Since my code doesn't require any memory management, shared resources or race conditions (other than stdout), I plugged in an iota and gave it a go. To my amazement no compiling issues, and all my cores are in heavy use and it's outputting results!

Now said results are out of order (and early results are garbage from stdout), but I'd included a bitwidth comment so sorting should be easy.

        0x3,    /*7*/
        0x11,   /*9*/
        0x9,    /*10*/
        0x1D,   /*8*/
        0x5,    /*11*/
        0x3,    /*15*/
        0x53,   /*12*/
        0x1B,   /*13*/
        0x2B,   /*14*/

etc etc.

Previously years ago I remember having to make a struct and then having to pass a function and a bunch of stuff from within the struct, often breaking and being hard to get to even work so I didn't hardly touch this stuff. This is making outputting data MUCH faster and so easily; Well at least on a beefy computer and not just some chromebook I'm programming on so it can all be on the go.

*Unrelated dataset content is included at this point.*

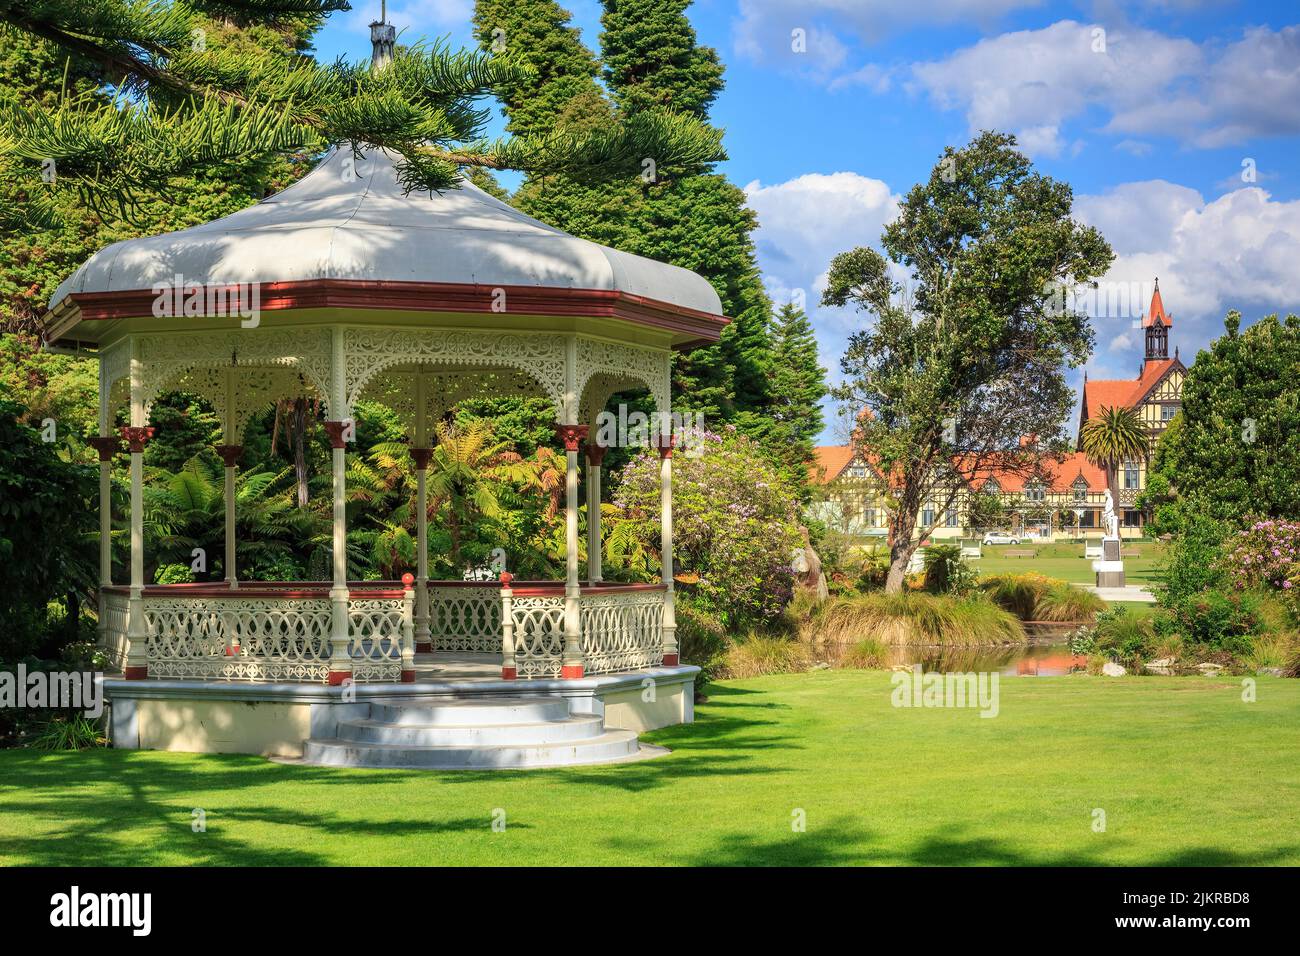 Government Gardens park in Rotorua, New Zealand. In the foreground is a historic band rotunda, with the iconic Rotorua Museum behind Stock Photo

So I suppose, is there anything I need to know? About shared resources or how to wait until all threads are done?

On Sunday, 26 December 2021 at 06:10:03 UTC, Era Scarecrow wrote:

foreach(value; taskPool.parallel(range) ){code}

        0x3,    /*7*/
        0x11,   /*9*/
        0x9,    /*10*/
        0x1D,   /*8*/
        0x5,    /*11*/
        0x3,    /*15*/
        0x53,   /*12*/
        0x1B,   /*13*/
        0x2B,   /*14*/

Parallel programming is one of the deepest rabbit holes you can actually get to use in practice. Your question at the moment doesn't really have much context to it so it's difficult to suggest where you should go directly.

I would start by removing the use of stdout in your loop kernel - I'm not familiar with what you are calculating, but if you can basically have the (parallel) loop operate from (say) one array directly into another then you can get extremely good parallel scaling with almost no effort.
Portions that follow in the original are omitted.